A. 同じです。むしろ画面越しは沈黙が重く感じられるぶん、質問を連射しやすくなります。先出しの価値は、対面より上がるとお考えください。

Q. 相手が質問してくれず、こちらばかり聞いています。

A. 緊張して質問できない方も多いので、すぐに脈なしと判断しないでください。先出しには、相手が乗りやすい足場を作る効果もあります。それでも最後まで一方通行だったなら、その感触はお見合い後の判断材料にして構いません。

Q. 話が盛り上がったのに、交際に進みませんでした。

A. 盛り上がりと交際の判断は、必ずしも一致しません。こちらが楽しく話せた時間が、相手には「聞き役の時間」だったこともあります。振り返るときの物差しは「盛り上がったか」より「相手は何割話していたか」です。半分近く話してもらえていたなら、会話の問題ではない可能性が高いです。

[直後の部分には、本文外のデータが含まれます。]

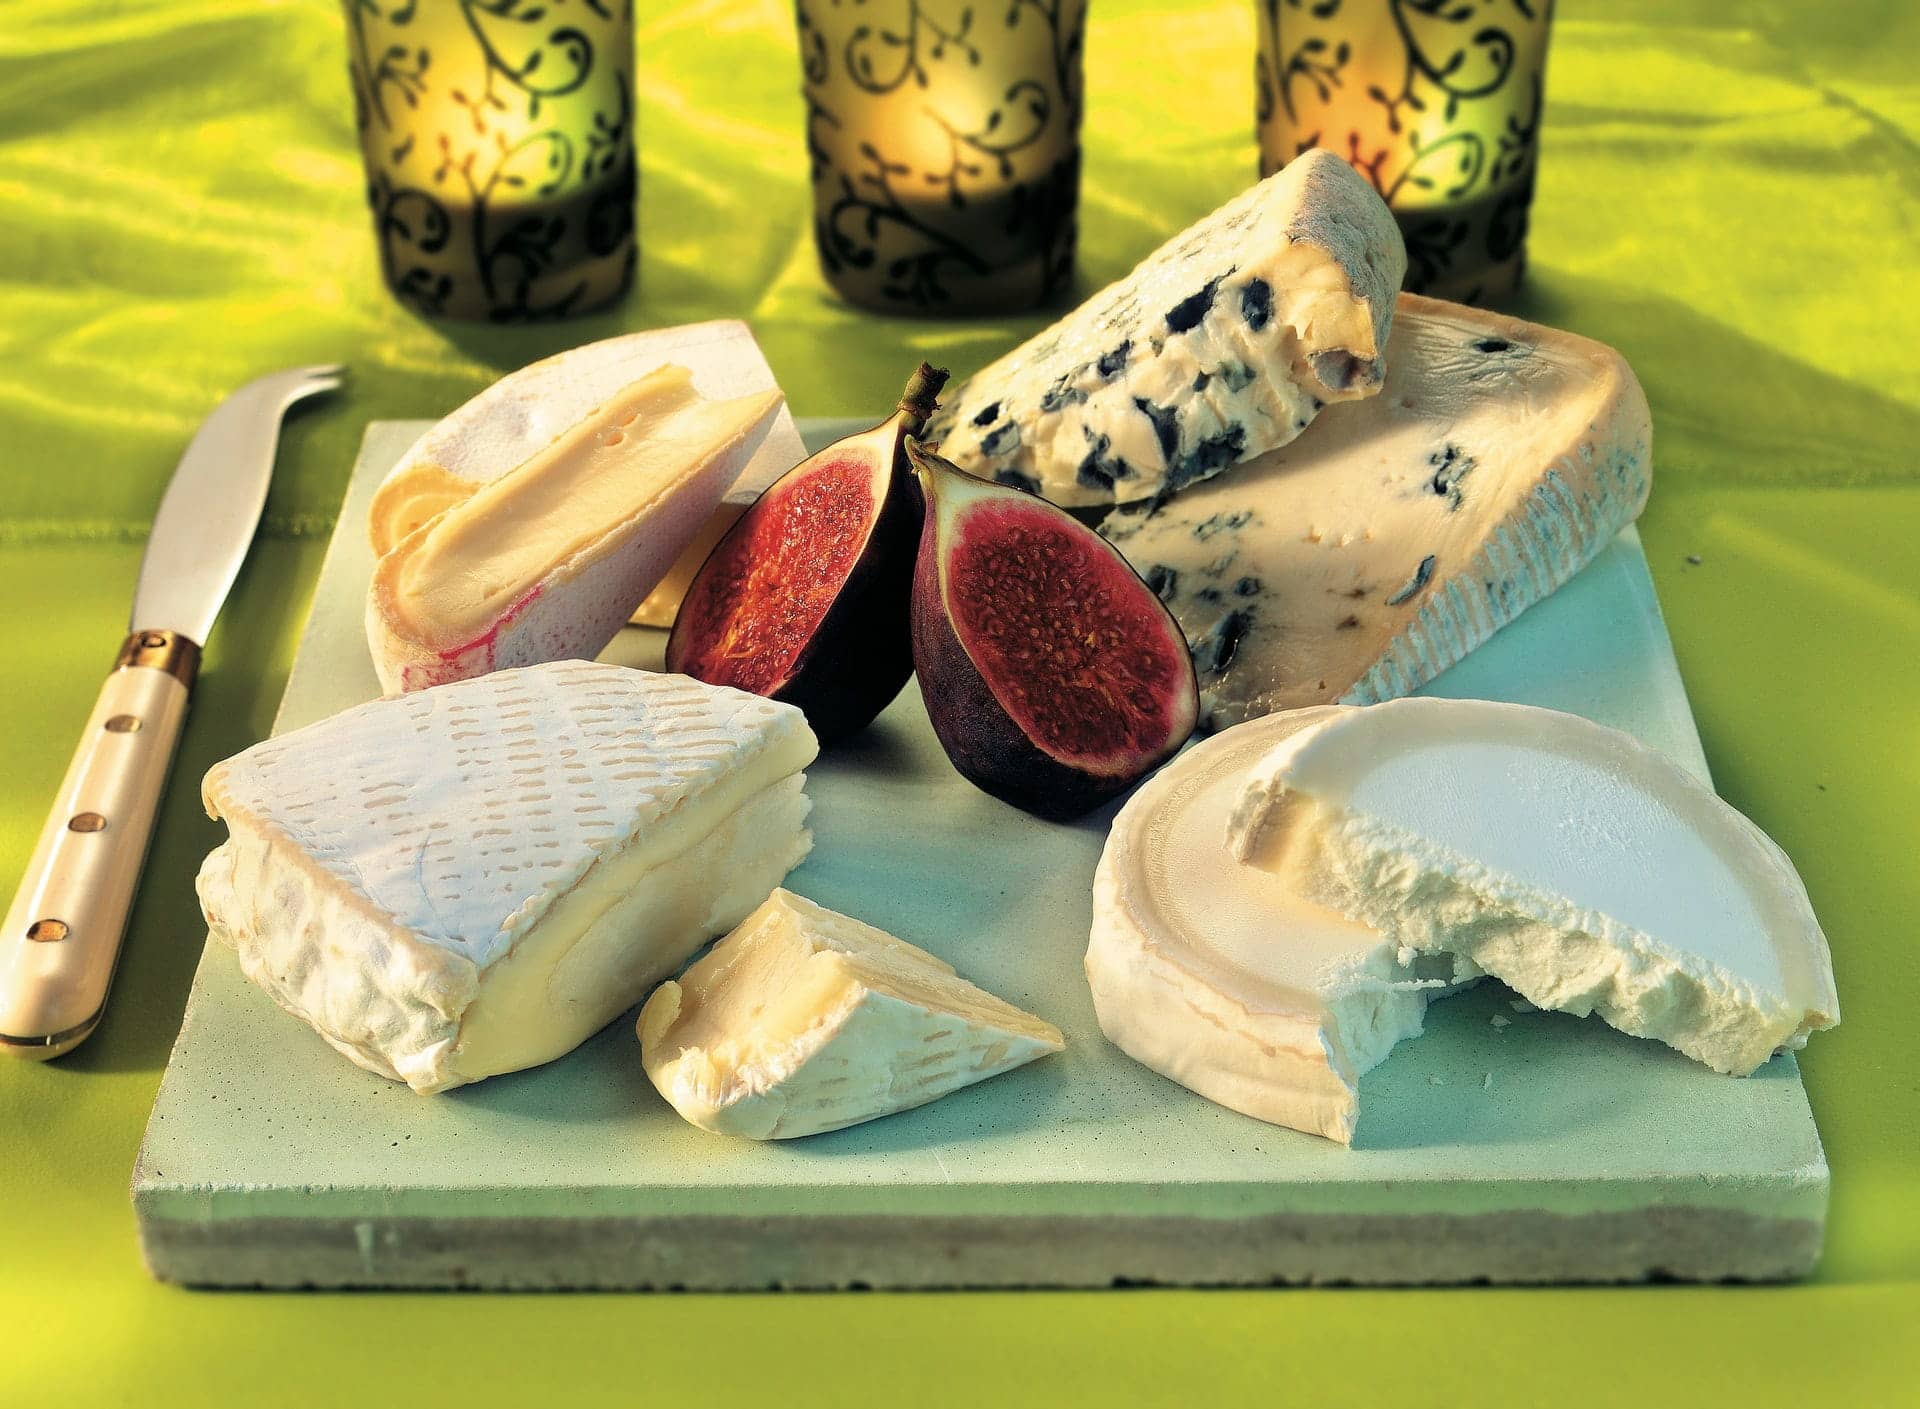 different types of cheese with figs on a cutting board
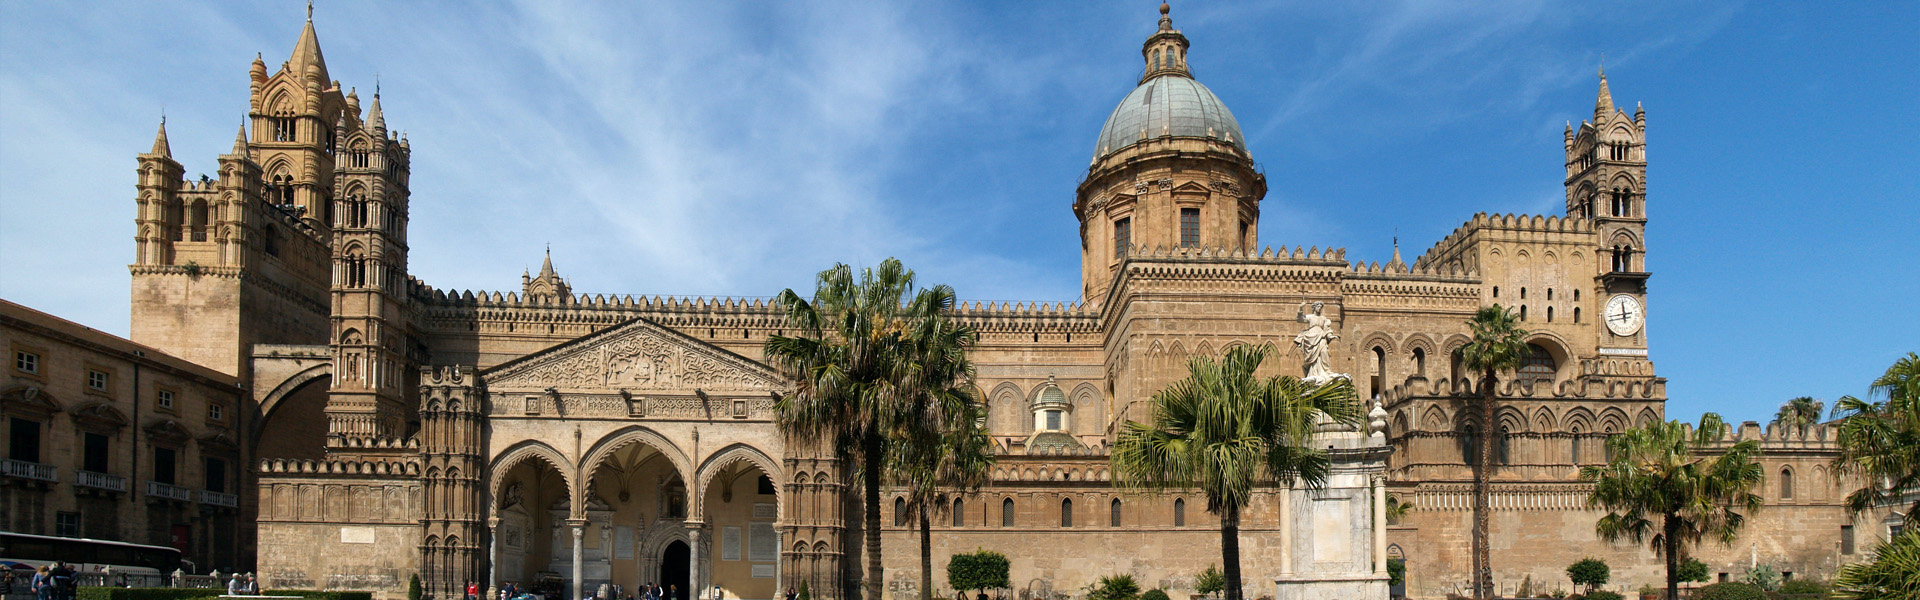 Palermo Arabic and Norman cathedrals of Monreale and Cefalu

Q. 仕事の面談のクセが強くて、切り替えられる気がしません。

A. クセを消す必要はありません。ヒアリングが上手な方は、相手の話を整理して聞く力がもともと高い。足すのは「先に一文置く」の一動作だけです。面談で言えば、アイスブレイクで自分の話を少しする、あの動作をお見合いでは毎回やる、と考えてください。